— Assignment —
Write the listing below out again word for word, without a single picture.

— Source material —
__________________________________________________
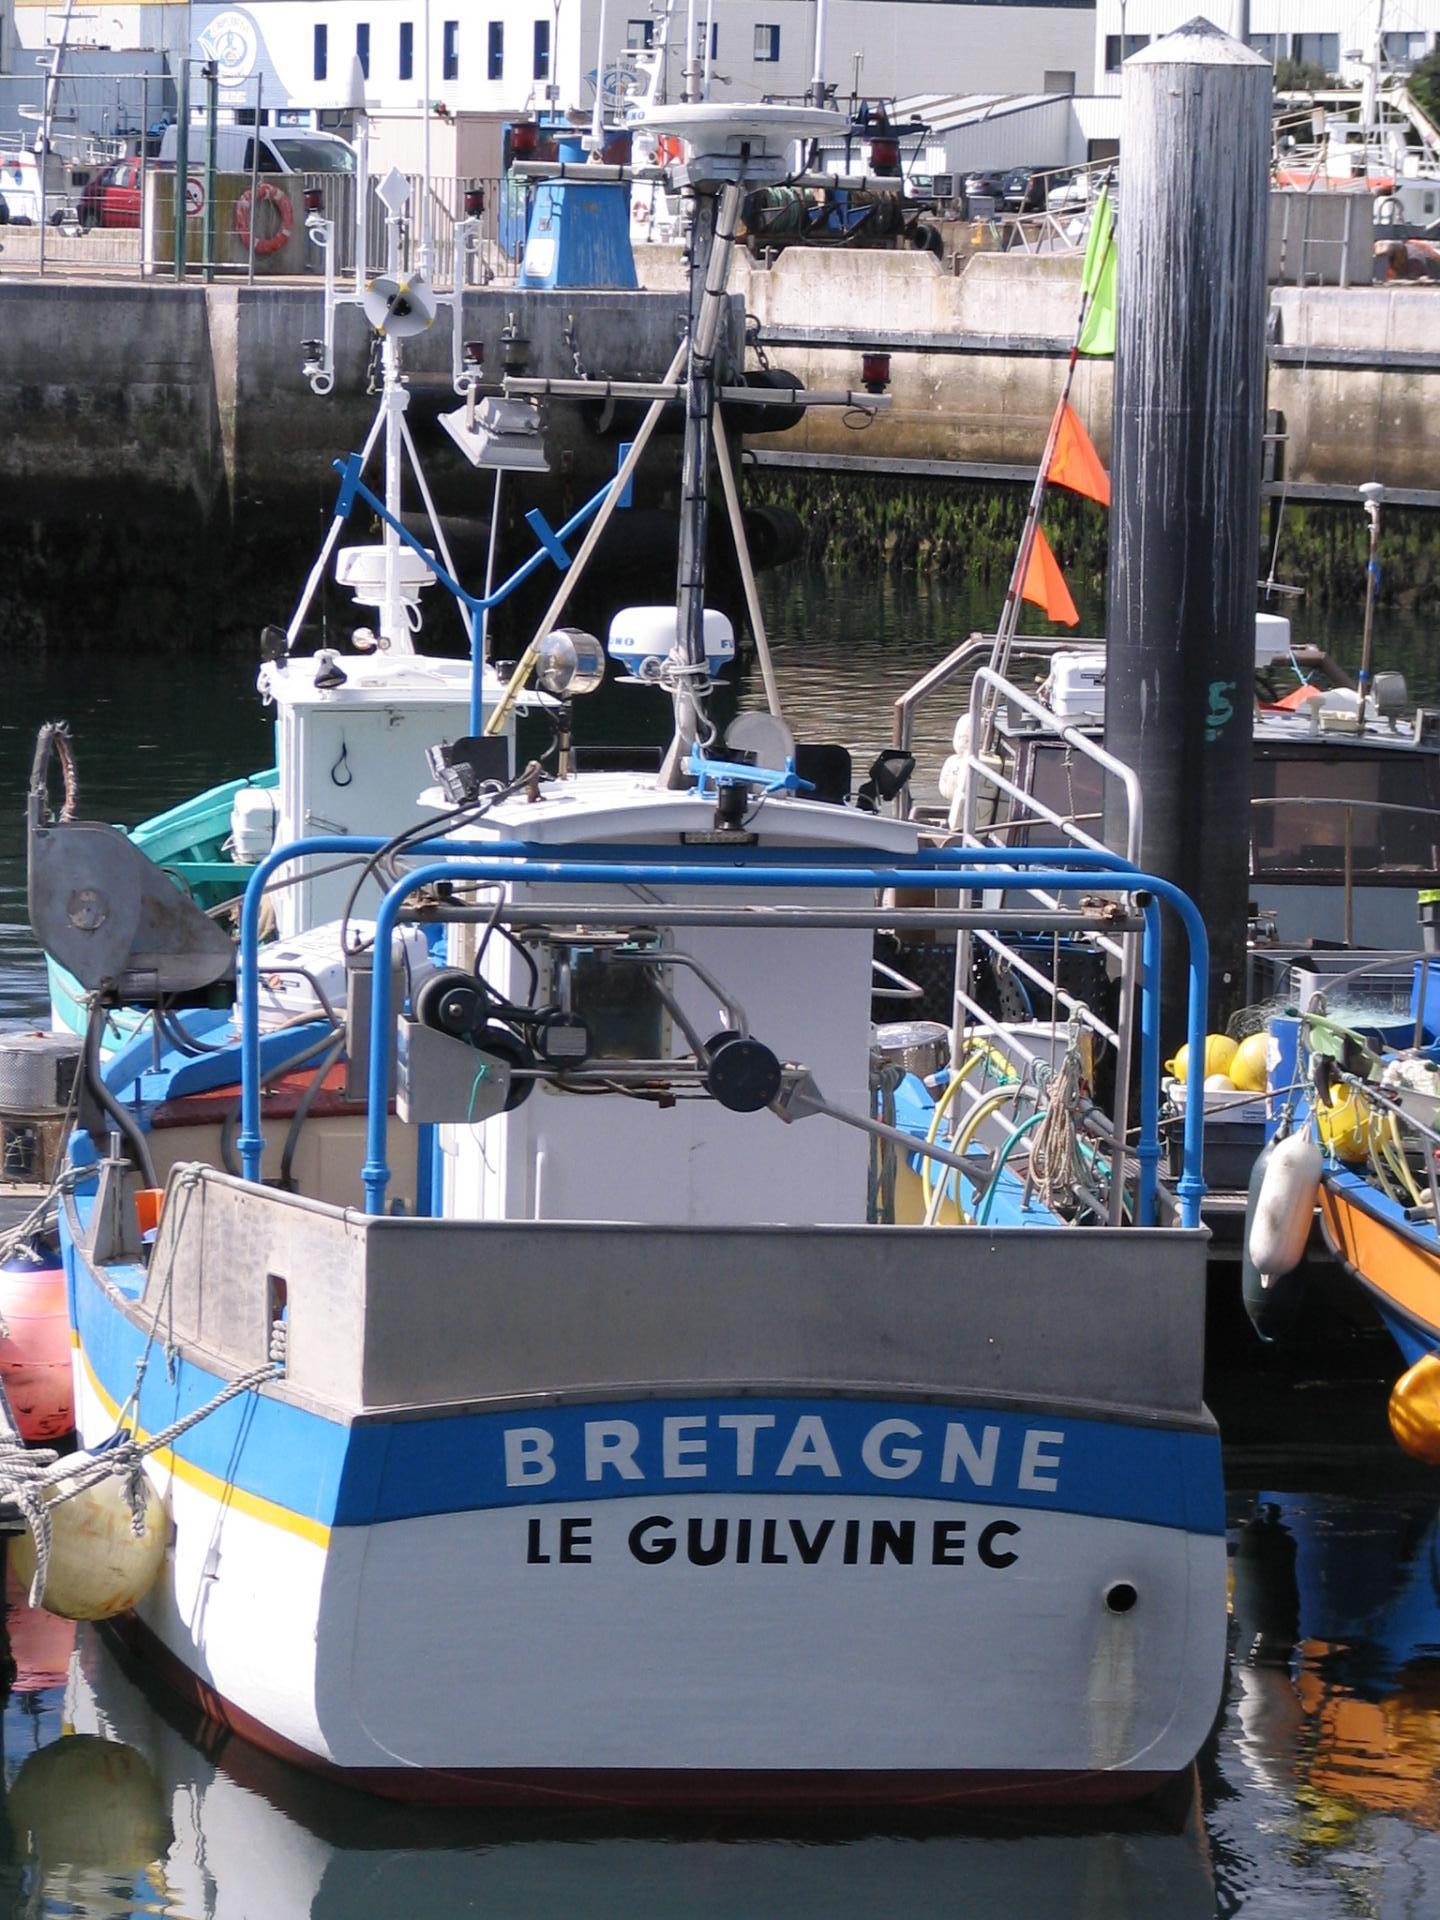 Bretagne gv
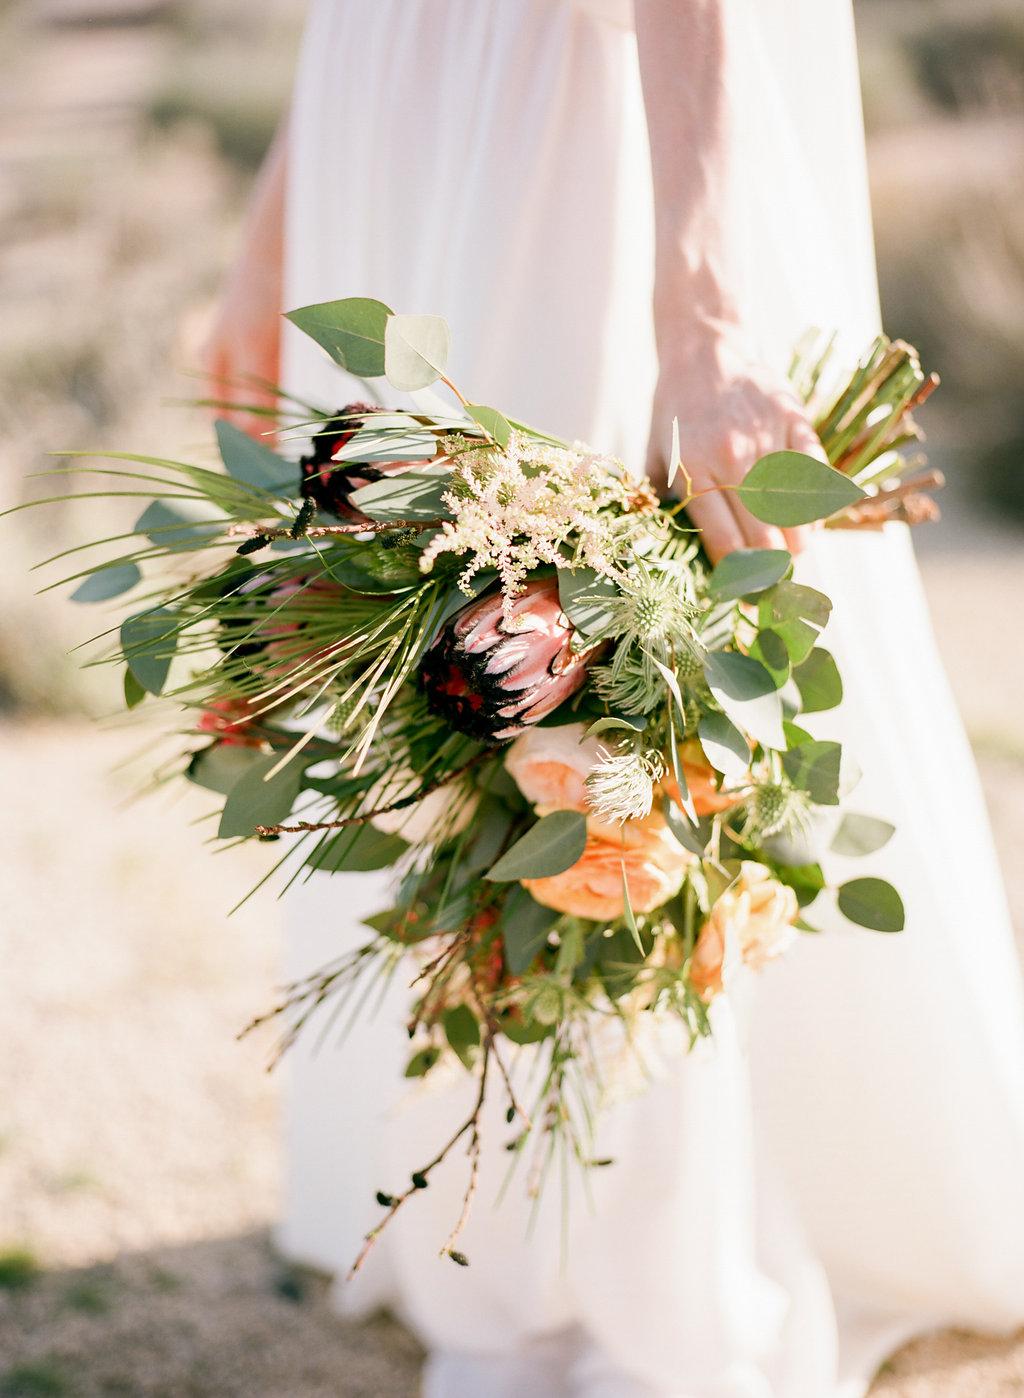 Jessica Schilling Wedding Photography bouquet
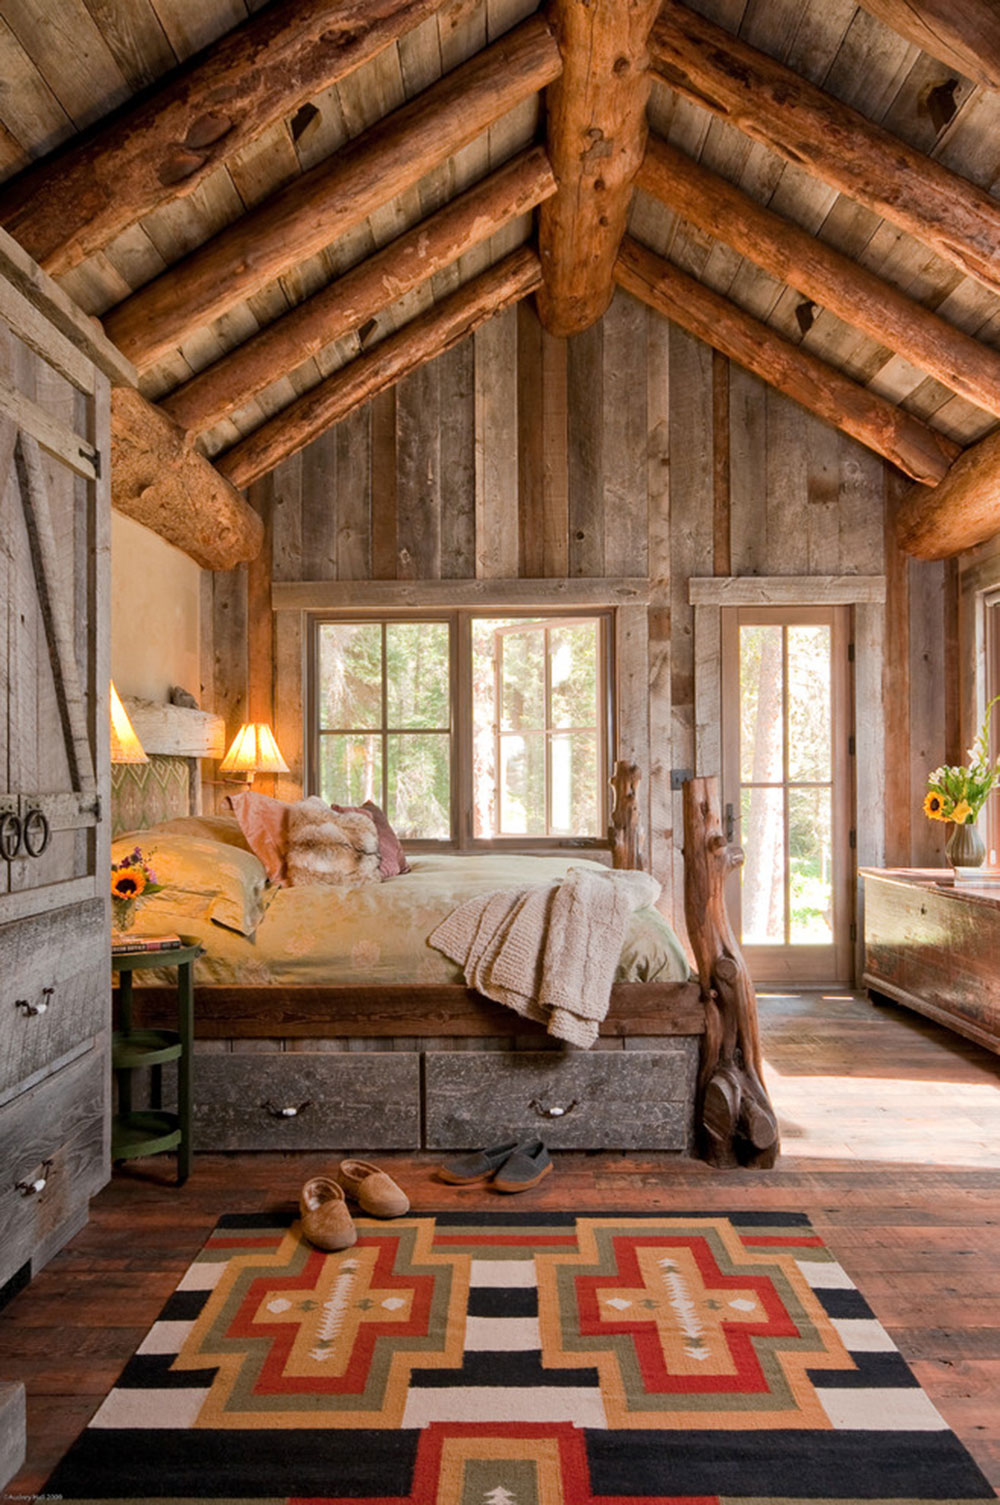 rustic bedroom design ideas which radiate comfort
__________________________________________________
— Answer space —
 Bretagne gv
 Jessica Schilling Wedding Photography bouquet
 rustic bedroom design ideas which radiate comfort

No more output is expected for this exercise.